Items from a data source
--- --- ---

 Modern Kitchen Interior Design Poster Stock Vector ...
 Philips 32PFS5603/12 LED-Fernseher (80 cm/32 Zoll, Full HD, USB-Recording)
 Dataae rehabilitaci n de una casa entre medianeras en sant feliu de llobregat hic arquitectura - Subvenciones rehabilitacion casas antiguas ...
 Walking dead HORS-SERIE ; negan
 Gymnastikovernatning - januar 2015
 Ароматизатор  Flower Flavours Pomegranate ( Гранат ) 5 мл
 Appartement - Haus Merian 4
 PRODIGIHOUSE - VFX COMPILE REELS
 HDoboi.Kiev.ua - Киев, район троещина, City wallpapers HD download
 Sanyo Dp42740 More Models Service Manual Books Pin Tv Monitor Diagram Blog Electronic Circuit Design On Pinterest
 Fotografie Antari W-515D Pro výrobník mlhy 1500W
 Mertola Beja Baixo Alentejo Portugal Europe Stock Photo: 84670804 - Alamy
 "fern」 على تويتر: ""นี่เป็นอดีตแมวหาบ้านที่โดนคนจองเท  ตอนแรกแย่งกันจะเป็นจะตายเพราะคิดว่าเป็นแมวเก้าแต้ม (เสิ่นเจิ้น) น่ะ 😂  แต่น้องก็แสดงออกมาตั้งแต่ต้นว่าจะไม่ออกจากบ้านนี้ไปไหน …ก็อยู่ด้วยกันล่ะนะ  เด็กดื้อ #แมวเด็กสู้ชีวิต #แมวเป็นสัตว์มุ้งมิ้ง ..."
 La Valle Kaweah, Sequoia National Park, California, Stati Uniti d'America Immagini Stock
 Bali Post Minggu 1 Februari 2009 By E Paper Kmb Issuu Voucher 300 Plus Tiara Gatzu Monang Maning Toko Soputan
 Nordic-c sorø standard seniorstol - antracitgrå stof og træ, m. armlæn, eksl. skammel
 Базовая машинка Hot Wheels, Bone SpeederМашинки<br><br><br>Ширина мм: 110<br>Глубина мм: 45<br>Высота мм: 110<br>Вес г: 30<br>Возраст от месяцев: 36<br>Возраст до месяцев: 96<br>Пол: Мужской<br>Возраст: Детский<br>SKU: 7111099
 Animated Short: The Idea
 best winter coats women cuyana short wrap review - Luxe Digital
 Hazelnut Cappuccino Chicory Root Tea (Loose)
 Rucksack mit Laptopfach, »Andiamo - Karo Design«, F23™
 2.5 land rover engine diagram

--- --- ---

• [WORK TO BE COMPLETED] Line by line, retype the records with no changes.

• [SOLUTION TO THE EXERCISE]
 Modern Kitchen Interior Design Poster Stock Vector ...
 Philips 32PFS5603/12 LED-Fernseher (80 cm/32 Zoll, Full HD, USB-Recording)
 Dataae rehabilitaci n de una casa entre medianeras en sant feliu de llobregat hic arquitectura - Subvenciones rehabilitacion casas antiguas ...
 Walking dead HORS-SERIE ; negan
 Gymnastikovernatning - januar 2015
 Ароматизатор  Flower Flavours Pomegranate ( Гранат ) 5 мл
 Appartement - Haus Merian 4
 PRODIGIHOUSE - VFX COMPILE REELS
 HDoboi.Kiev.ua - Киев, район троещина, City wallpapers HD download
 Sanyo Dp42740 More Models Service Manual Books Pin Tv Monitor Diagram Blog Electronic Circuit Design On Pinterest
 Fotografie Antari W-515D Pro výrobník mlhy 1500W
 Mertola Beja Baixo Alentejo Portugal Europe Stock Photo: 84670804 - Alamy
 "fern」 على تويتر: ""นี่เป็นอดีตแมวหาบ้านที่โดนคนจองเท  ตอนแรกแย่งกันจะเป็นจะตายเพราะคิดว่าเป็นแมวเก้าแต้ม (เสิ่นเจิ้น) น่ะ 😂  แต่น้องก็แสดงออกมาตั้งแต่ต้นว่าจะไม่ออกจากบ้านนี้ไปไหน …ก็อยู่ด้วยกันล่ะนะ  เด็กดื้อ #แมวเด็กสู้ชีวิต #แมวเป็นสัตว์มุ้งมิ้ง ..."
 La Valle Kaweah, Sequoia National Park, California, Stati Uniti d'America Immagini Stock
 Bali Post Minggu 1 Februari 2009 By E Paper Kmb Issuu Voucher 300 Plus Tiara Gatzu Monang Maning Toko Soputan
 Nordic-c sorø standard seniorstol - antracitgrå stof og træ, m. armlæn, eksl. skammel
 Базовая машинка Hot Wheels, Bone SpeederМашинки<br><br><br>Ширина мм: 110<br>Глубина мм: 45<br>Высота мм: 110<br>Вес г: 30<br>Возраст от месяцев: 36<br>Возраст до месяцев: 96<br>Пол: Мужской<br>Возраст: Детский<br>SKU: 7111099
 Animated Short: The Idea
 best winter coats women cuyana short wrap review - Luxe Digital
 Hazelnut Cappuccino Chicory Root Tea (Loose)
 Rucksack mit Laptopfach, »Andiamo - Karo Design«, F23™
 2.5 land rover engine diagram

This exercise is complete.